In an example implementation, elements of system 100, such as network elements 102a-102d may include software modules (e.g., queue synchronization engine 110.) to achieve, or to foster, operations as outlined herein. These modules may be suitably combined in any appropriate manner, which may be based on particular configuration and/or provisioning needs. In example embodiments, such operations may be carried out by hardware, implemented externally to these elements, or included in some other network device to achieve the intended functionality. Furthermore, the modules can be implemented as software, hardware, firmware, or any suitable combination thereof. These elements may also include software (or reciprocating software) that can coordinate with other network elements in order to achieve the operations, as outlined herein.
Additionally, each of network elements 102a-102d may include a processor that can execute software or an algorithm to perform activities as discussed herein. A processor can execute any type of instructions associated with the data to achieve the operations detailed herein. In one example, the processors could transform an element or an article (e.g., data) from one state or thing to another state or thing.

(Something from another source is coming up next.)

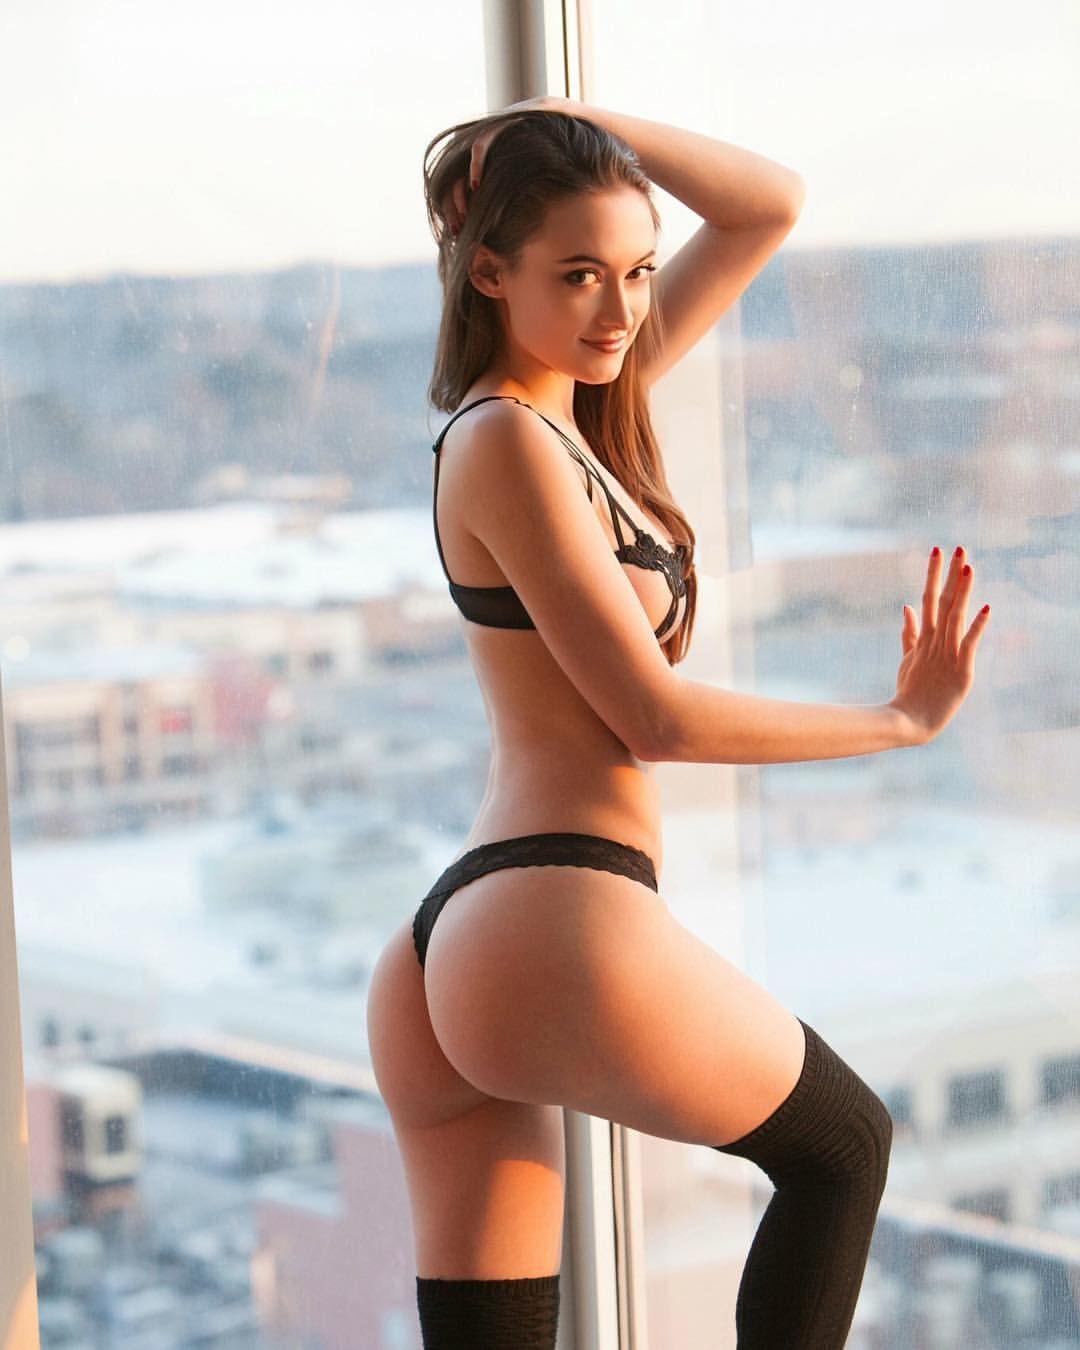 Hacked Deanna Greene nudes (57 photos), Sideboobs
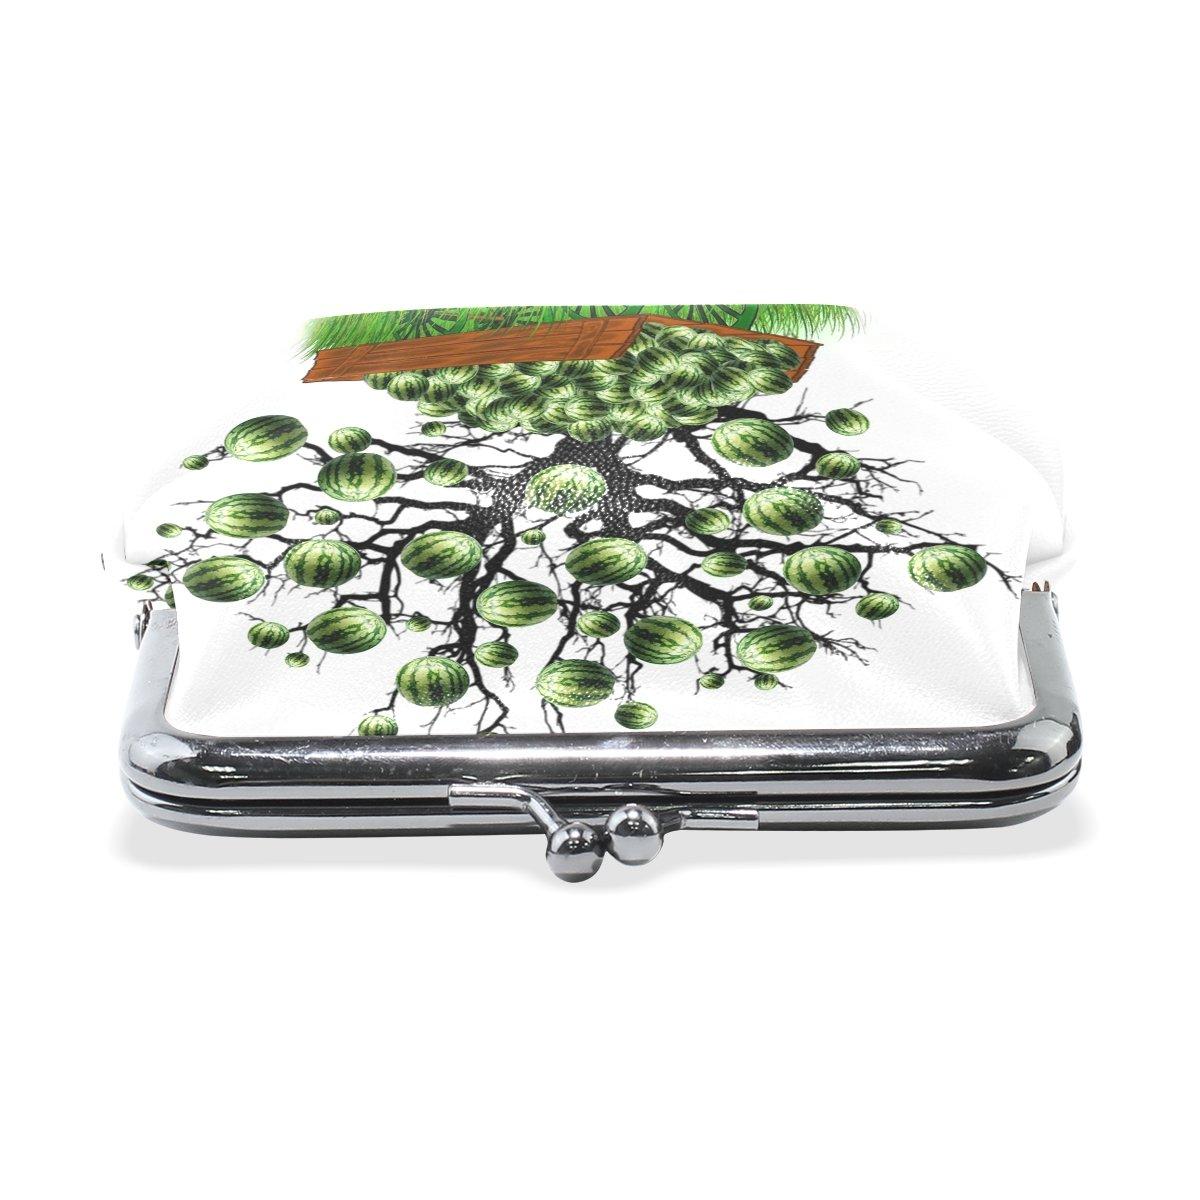 Coin Purse Watermelon Tree Wallet Buckle Clutch Handbag For Women Girls Gift

In another example, the activities outlined herein may be implemented with fixed logic or programmable logic (e.g., software/computer instructions executed by a processor) and the elements identified herein could be some type of a programmable processor, programmable digital logic (e.g., a field programmable gate array (FPGA), an erasable programmable read-only memory (EPROM), an electrically erasable programmable read-only memory (EEPROM)) or an ASIC that includes digital logic, software, code, electronic instructions, or any suitable combination thereof. Any of the potential processing elements, modules, and machines described herein should be construed as being encompassed within the broad term ‘processor.’
Turning to
Each of plurality of queues 112a-112c can include one or more descriptors. For example, queue 112a can include descriptors 122a and 122b and barrier descriptor 124. Queue 112b can include descriptors 122c and 122d and barrier descriptor 124. Queue 112c can include descriptors 122e and 122f and barrier descriptor 124. If NIC 114a was using queues 112a-112c but wants to only use queues 112a and 112b (e.g., queue 112c is to be taken off line or otherwise will not be used by NIC 114a) queues 112a-112c must first be synchronized. To enable the synchronization, threshold 118 is set to three because three queues (e.g., queues 112a, 112b, and 112c) must be synchronized. Descriptor 122a in queue 112a is processed until barrier descriptor 124 is reached. Once barrier descriptor 124 in queue 112a is reached, global address 116 is accessed, counter 120 is incremented by one, and the value in counter 120 (which is one) is compared to threshold 118 (which is three).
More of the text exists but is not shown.